The TV is about 5m away from the couch across a tiled floor with a rug in the middle. It and the speakers are on a TV stand next to the wall. The kitchen bench is also slightly off to one side of the TV area (just a metre or so) and we sometimes listen from there.

I’m not an expert in this field but some things my troubleshooting has suggested:

  • Forcing 2.0 sound - I believe I’ve set the relevant PS4 and TV settings but couldn’t figure out how to do this in any of the streaming apps
  • Dynamic range control - only found this for bluray, it helped a bit
  • TV audio balance settings - little noticeable difference
  • More furniture, maybe a panel on the wall behind the TV
  • Get a centre channel speaker / proper 5.1 setup

I don’t mind spending a little to fix things up, but I don’t know what to do first or if there are other settings tweaks I’ve missed. Any suggestions?

Comments

  • +1

    Can't imagine $100 speakers being amazing for that purpose, but I'm sure it's in the settings and you just have to dig deeper to make sure it's just 2 channel

  • +3

    Maybe not use bookshelf speakers for TV audio?

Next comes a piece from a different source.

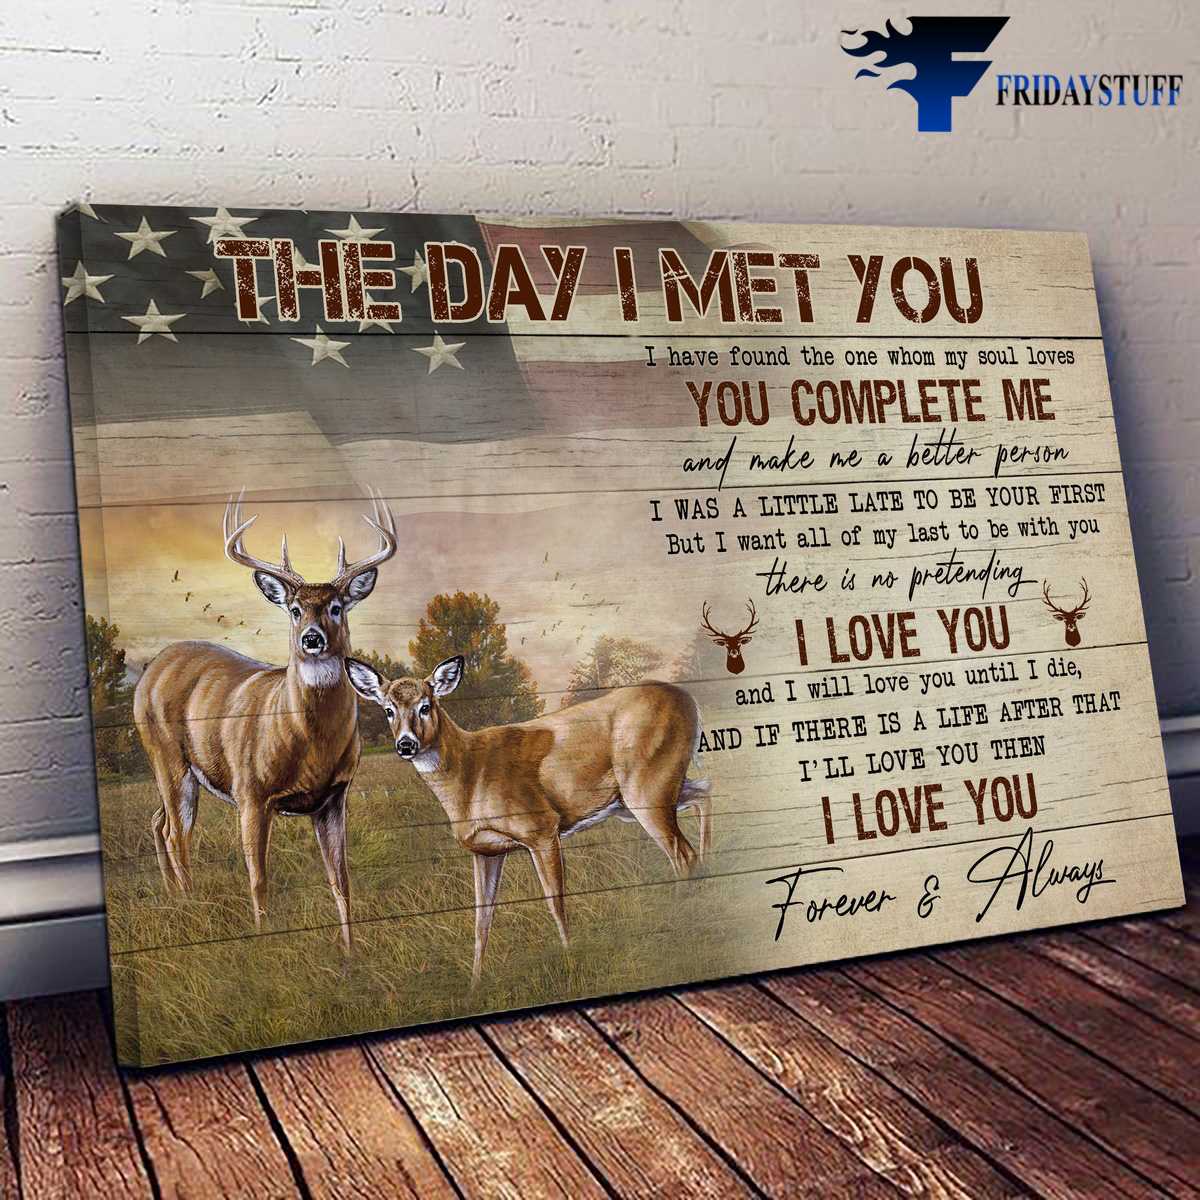 Deer Poster, Deer Couple, The Day I Met You, I Have Found The One, Whom My Soul Loves, You Complete Me, And Make Me A Better Person, I Was A Little Late To Be Your First

    Yes your issue seems to be the centre channel. Remove optical and test audio via TV speakers to gauge. Time for an audio upgrade though.

    • +3

      I've never understood situations like this. Oled screen, series x, but then only finds $100 for the audio

      • +1

        Yep. Also PS5/XSX and 23" 1080p monitor from 2001…

      • +2

        Similar to $2000 phone $1 phone case.

        • -1

          Most expensive cases are overpriced and unless it's a really thick case does nothing more than prevents scratches, I rather a $1 silicone clear case that feels great in the hand and shows the phone off any day.

        • +1

          $2000 phone just to send texts

      • The speakers were from a previous setup, bought before everything else was upgraded. On ozb recommendation, at that.

        • +4

          They're a recommendation for the price, not for a home theatre setup

  • +1

    If it works as intended most of the time, it's what you're watching. If only some are fine and most are bad, it could be a combination of your hardware and the media source.

    I suggest not watching shows where the audio doesn't suit to how you want to listen. Alternatively, adjusting the volume when it's quiet and lowering it when it's higher.

    There's a chance you could find something with some sort of compressor (where it evens out sounds to the same decibel level), but I doubt you'll find anything that you'll be happy with. Automatic mixers are more scam than a solution.

  • +1

    It's because your TV is outputing some crap feed to the speakers or those speakers have some seriously crap input (components could favour bluetooth). So you want to reduce dynamic range as much as possible on every component in the chain of devices, TV, Speaker. This could be with midnight mode, dialogue preset, loudness equalizer or whatever your equipment offers.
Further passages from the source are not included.